Bill Farrimond

Bill Farrimond
Cricket information
Batting style Right-hand bat
Bowling style -
International information
National side
Career statistics
Competition Tests First-class
Matches 4 153
Runs scored 116 2,908
Batting average 16.57 23.64
100s/50s -/- 1/16
Top score 35 174
Balls bowled - 18
Wickets - -
Bowling average - -
5 wickets in innings - -
10 wickets in match - -
Best bowling - -
Catches/stumpings 5/2 252/80
Source:

William Farrimond (23 May 1903, Daisy Hill, Westhoughton, Lancashire – 15 November 1979, Westhoughton, Lancashire) was an English cricketer who played in four Tests from 1931 to 1935.[1]

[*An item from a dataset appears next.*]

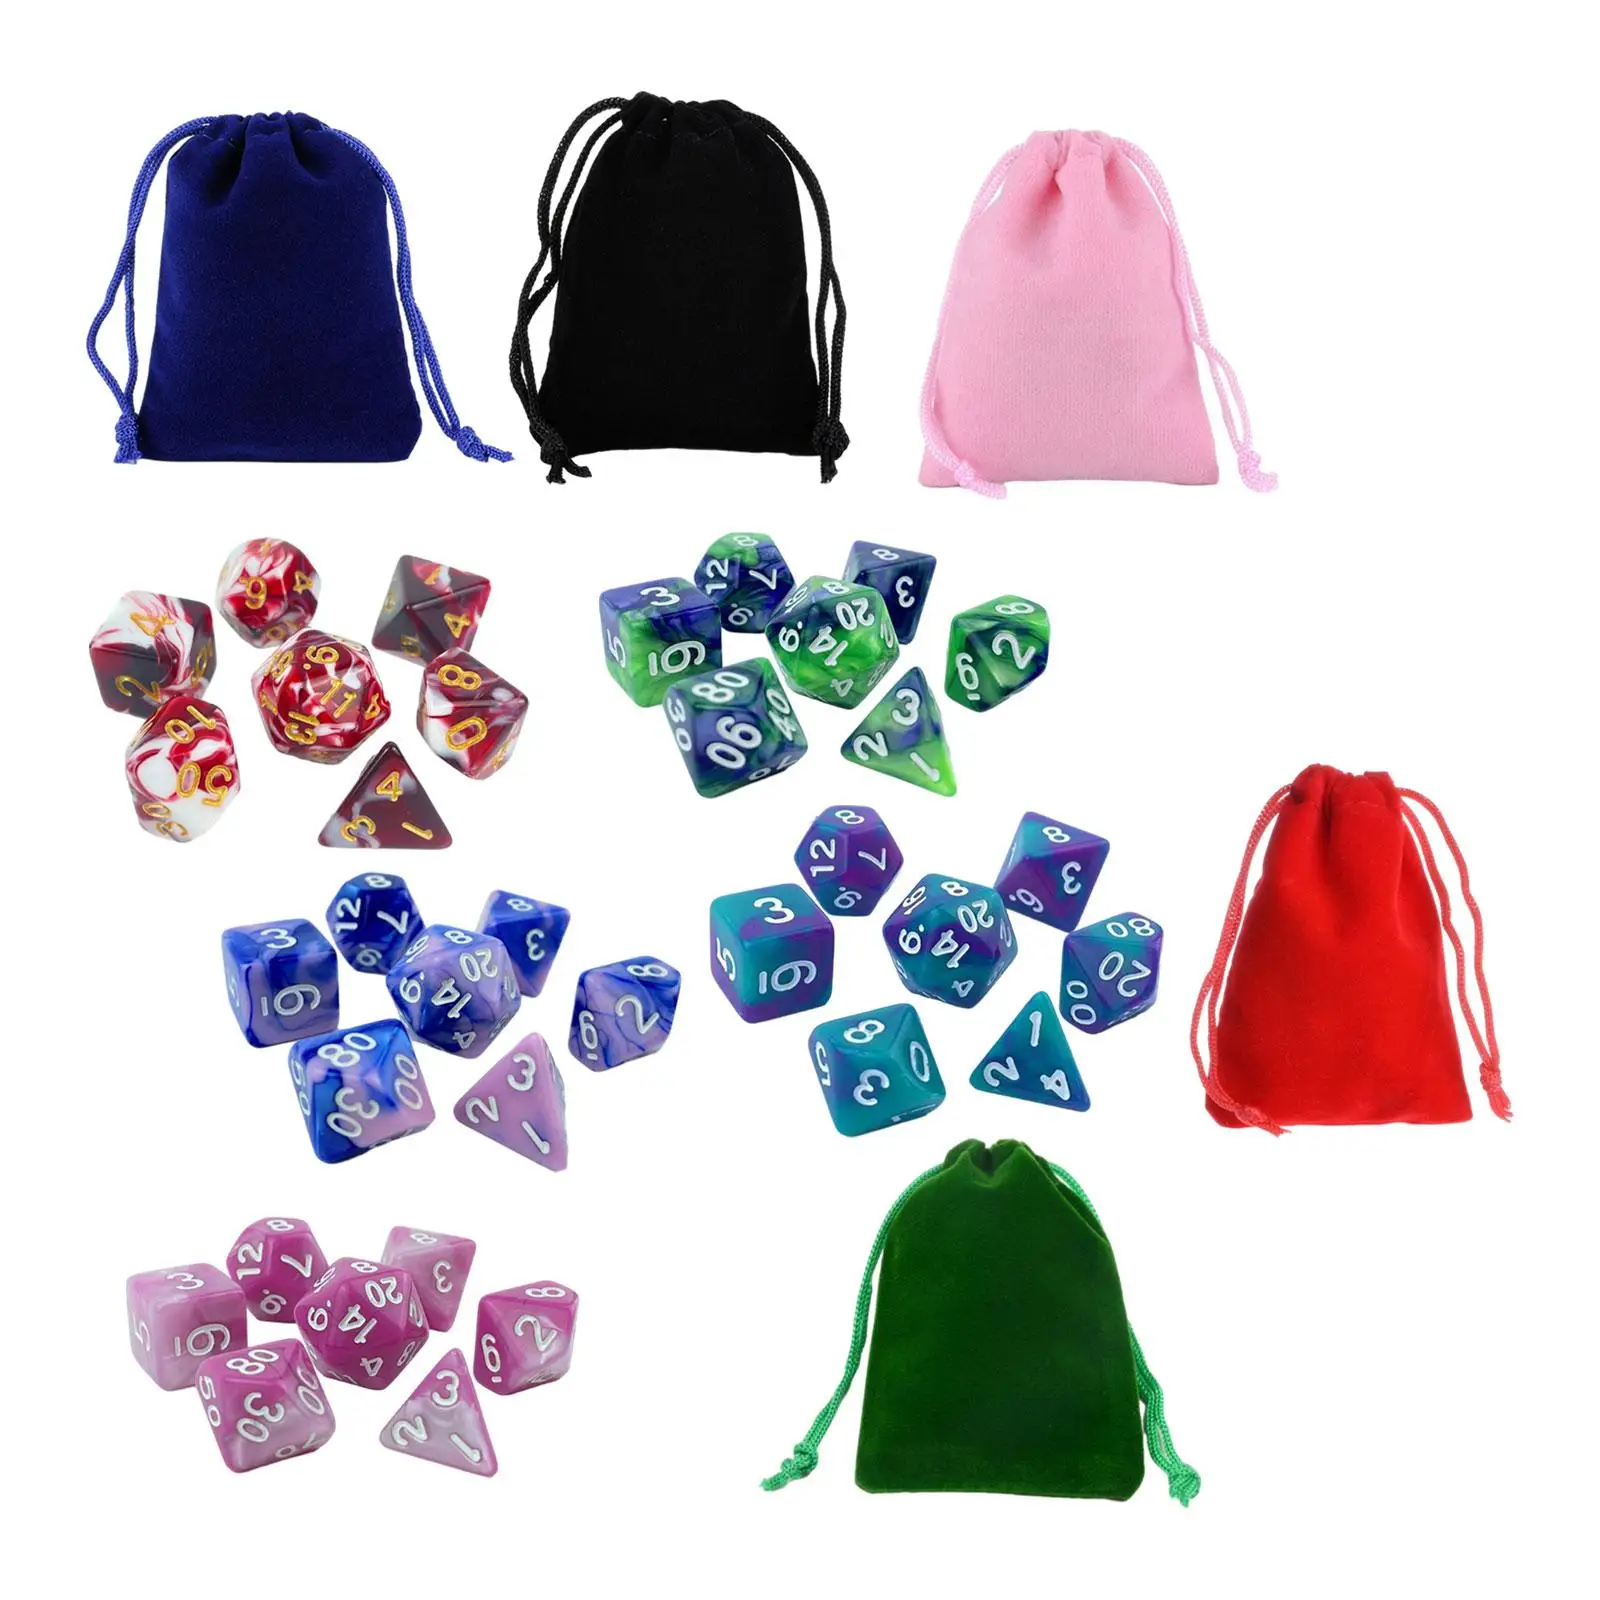 35 Pieces Polyhedral Dices Set with Drawstring Bags Table Game Handmade Dice Entertainment Toy for Wedding Party Favors Cafe

Bill Farrimond was widely regarded in the late 1920s and across the 1930s as the second best wicketkeeper in English first-class cricket. The problem was that the man regarded as the best was his Lancashire colleague George Duckworth, and for many years both of them were kept out of the England team by Leslie Ames, a much better batsman. The result was that Farrimond played only a handful of county matches each season from 1925 to 1937 before, on the retirement of Duckworth, he finally played two full seasons in 1938 and 1939.

Despite being second string wicketkeeper at Lancashire, Farrimond played four Tests. In 1930-31, he was picked as second wicketkeeper to Duckworth on the tour to the South Africa, and played in two matches when Duckworth was injured. Four years later, he toured the West Indies and played one Test, with regular keeper Les Ames playing just as a batsman in that match. His only home Test match was the game at Lord's in 1935 against South Africa, when Ames again played as a batsman only.

An unobtrusive wicketkeeper, unlike Duckworth, Farrimond was the second wicketkeeper, after Tiger Smith, to make seven dismissals in an innings, then the world record. A useful lower order batsman, his one century came playing for the Minor Counties side.

He played one first-class match in 1945, a friendly "Roses" match, but at 42 years of age he did not play again when regular cricket resumed after the Second World War.

References

  1. "TheCricketer". Retrieved 2011-08-17.